In the material below, find the line with "RT @alfredovela: '10" and the line with "Andre Debrie, Circa", then output both and every line between them exactly, omitting pictures.

→ **DATA FOR PROCESSING**
######

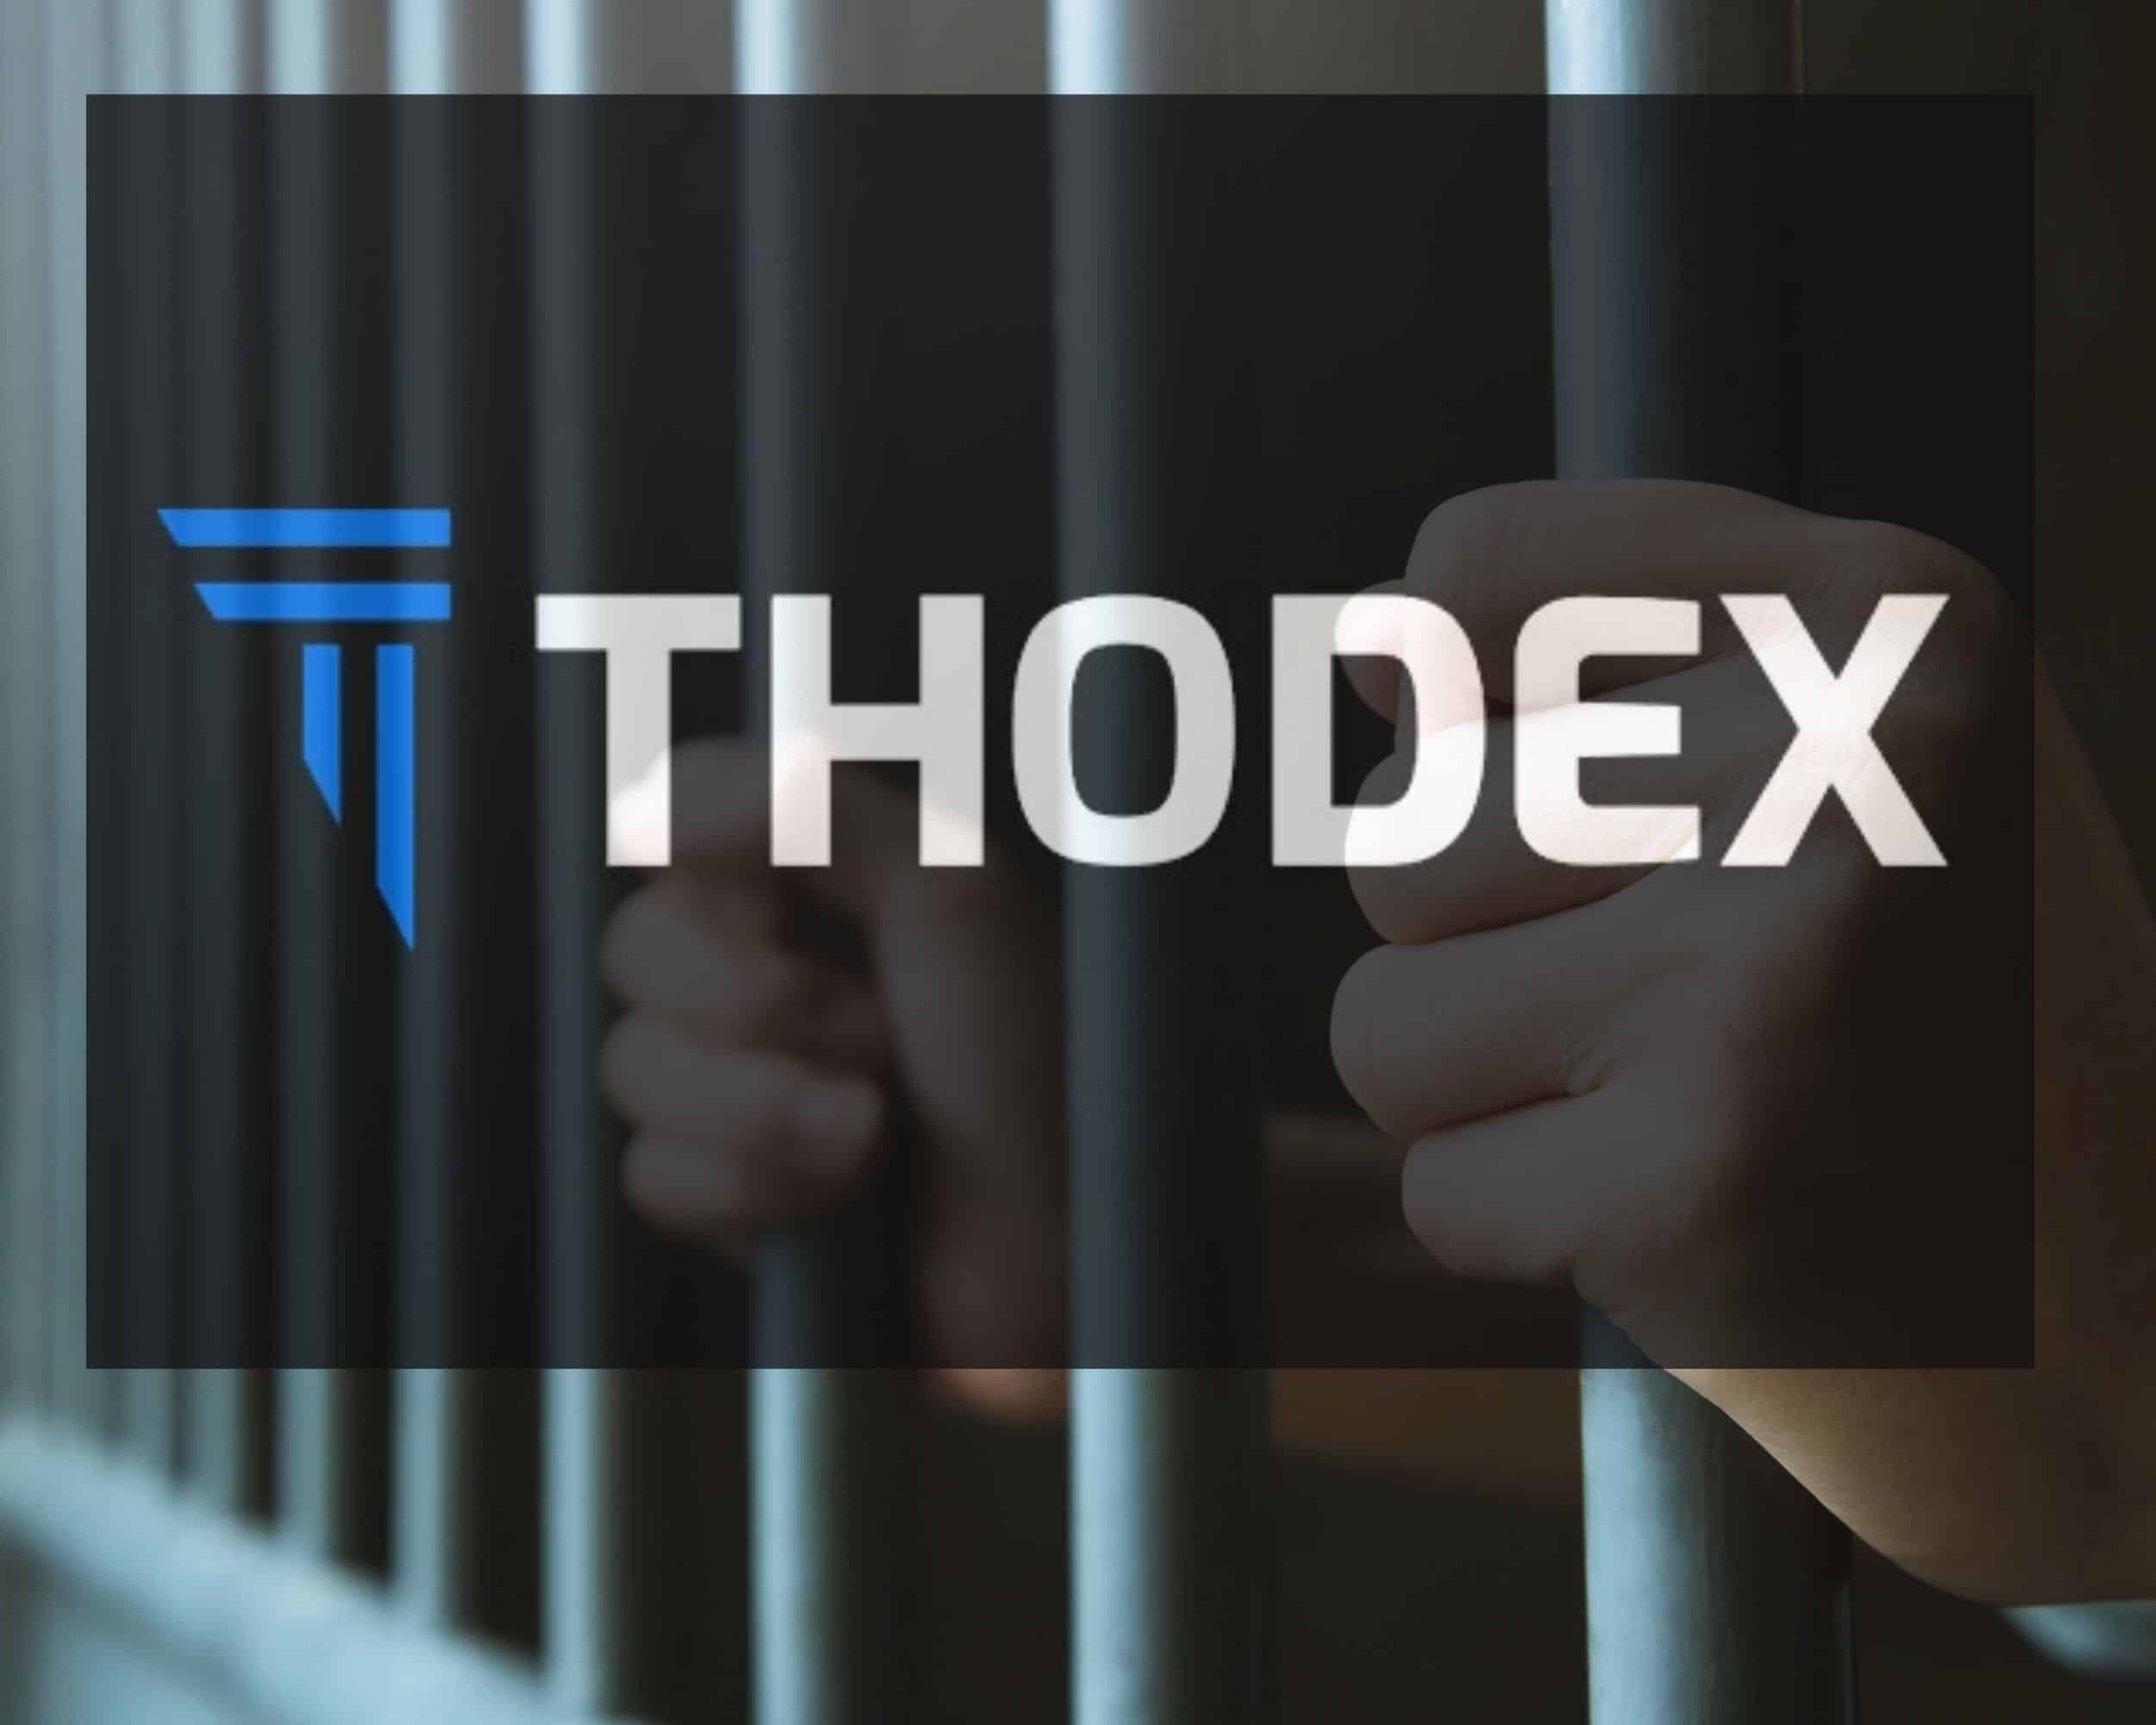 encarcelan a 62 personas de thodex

######

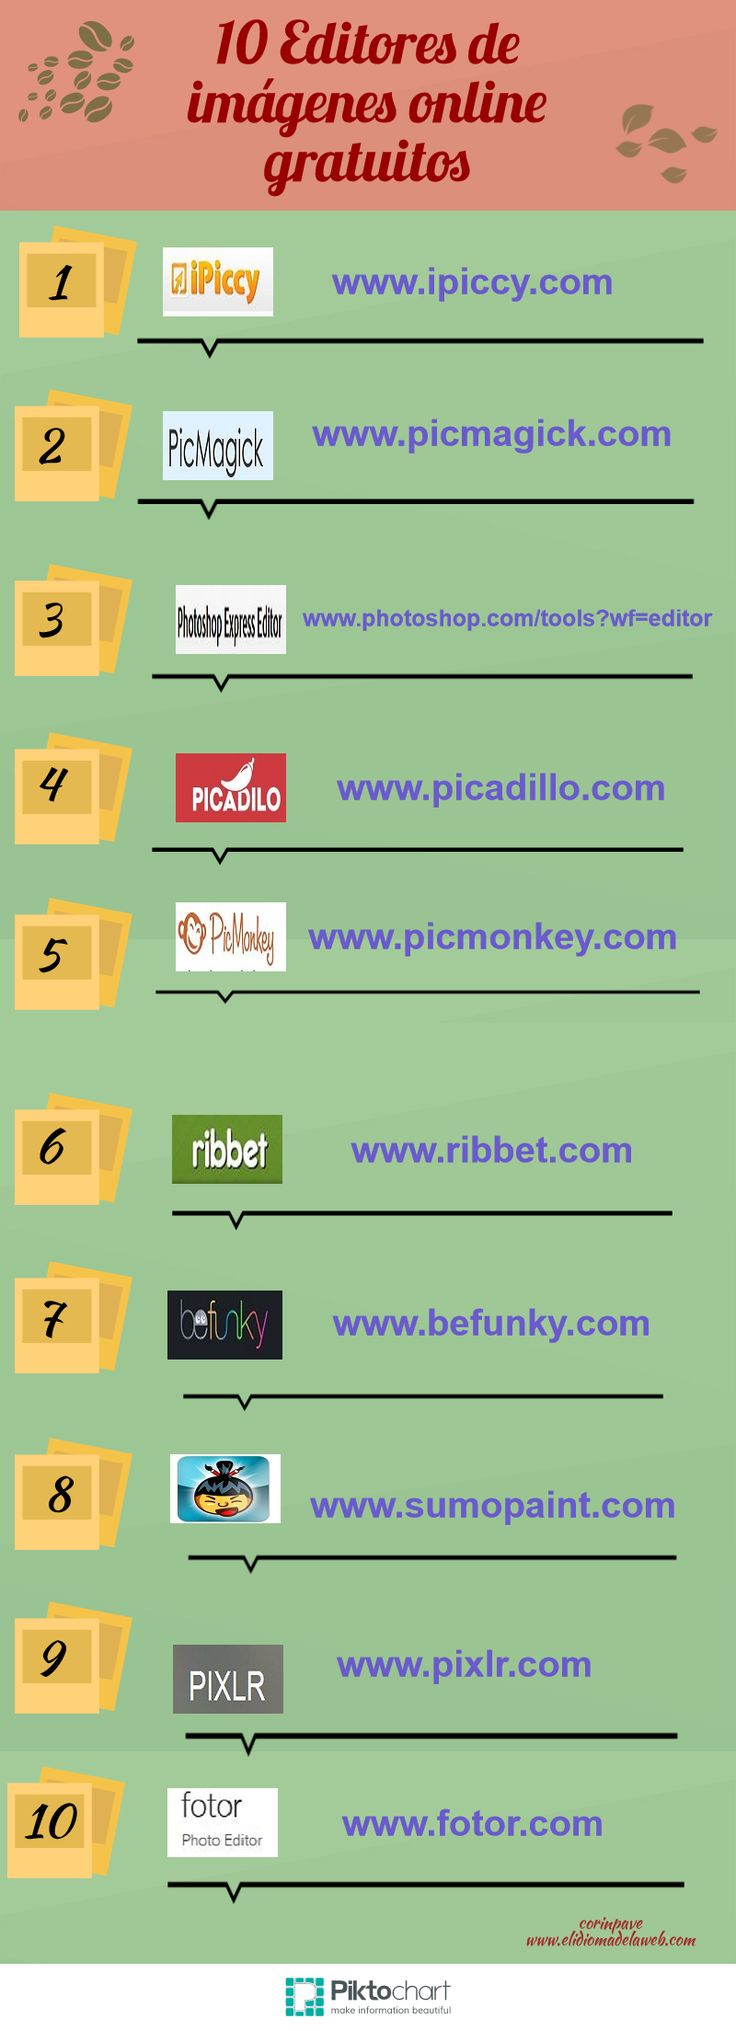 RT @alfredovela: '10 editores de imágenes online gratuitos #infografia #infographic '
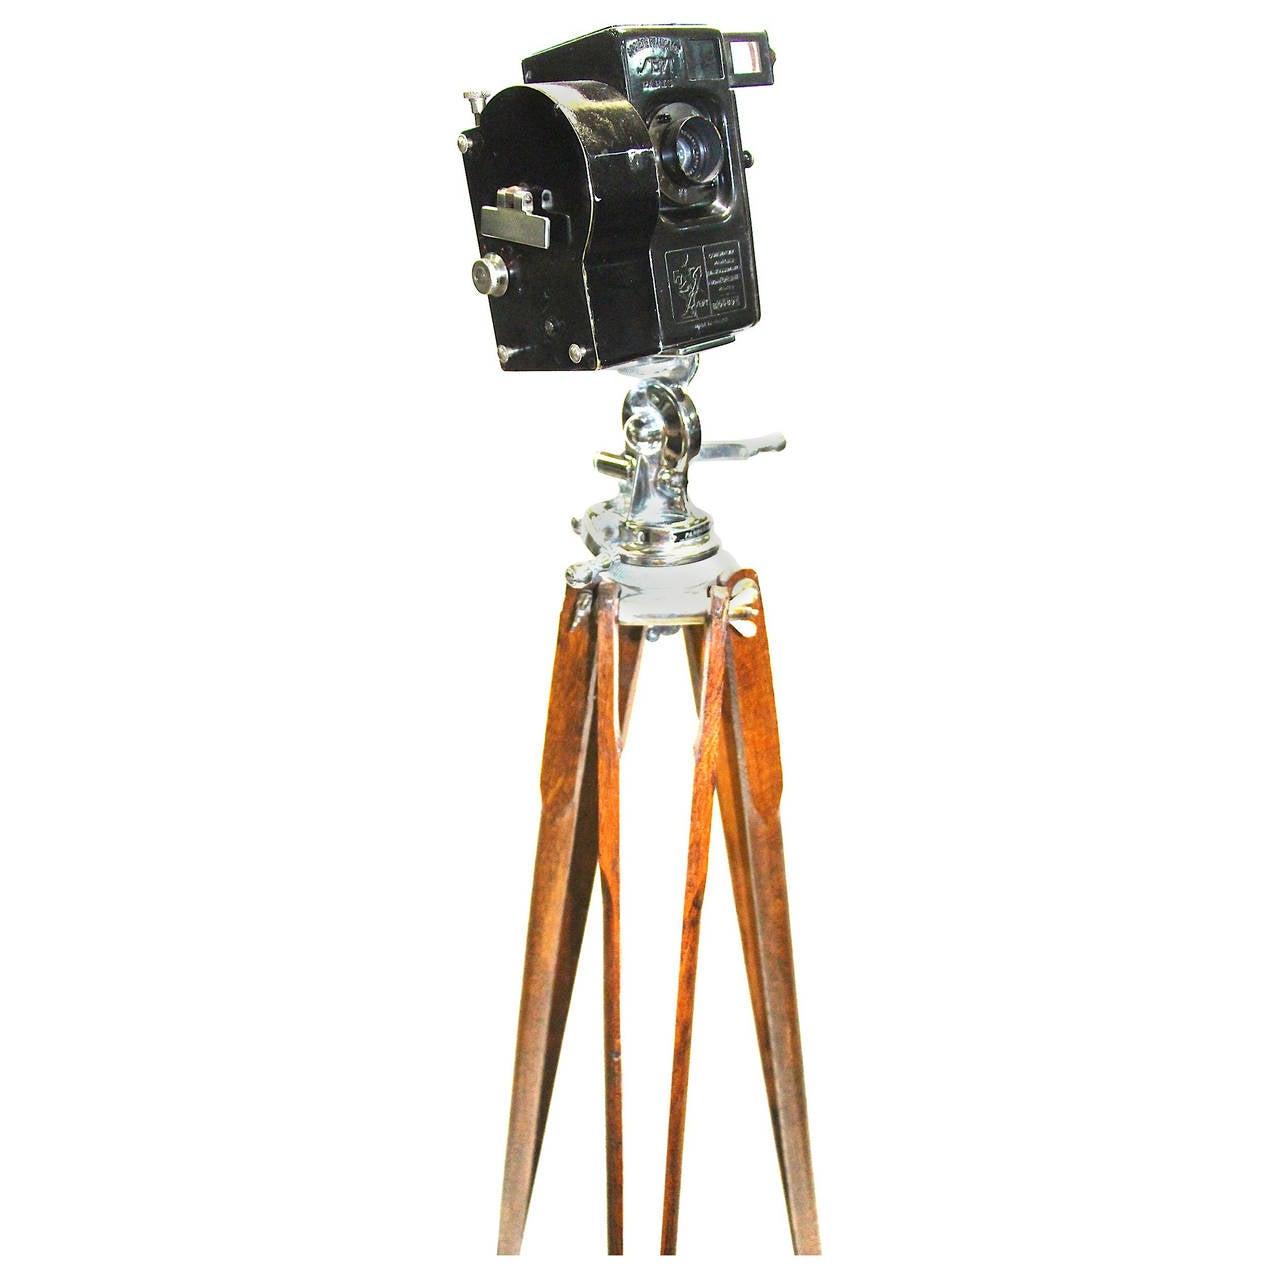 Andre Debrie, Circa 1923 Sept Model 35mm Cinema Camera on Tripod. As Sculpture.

######

→ **TASK OUTPUT**
 RT @alfredovela: '10 editores de imágenes online gratuitos #infografia #infographic '
 Andre Debrie, Circa 1923 Sept Model 35mm Cinema Camera on Tripod. As Sculpture.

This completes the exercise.